TO DO -> The answer must consist only of the lines from the line with "La lampadina a" to the line with "Las ocho personas", both included, exactly as they stand below.
===== RECORD SET
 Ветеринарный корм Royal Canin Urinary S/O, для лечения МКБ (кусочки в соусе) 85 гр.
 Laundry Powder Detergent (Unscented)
==========
===== RECORD SET
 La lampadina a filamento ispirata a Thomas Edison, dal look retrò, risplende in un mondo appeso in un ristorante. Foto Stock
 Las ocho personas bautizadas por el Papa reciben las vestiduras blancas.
==========
RESPONSE TO THIS TASK ->
 La lampadina a filamento ispirata a Thomas Edison, dal look retrò, risplende in un mondo appeso in un ristorante. Foto Stock
 Las ocho personas bautizadas por el Papa reciben las vestiduras blancas.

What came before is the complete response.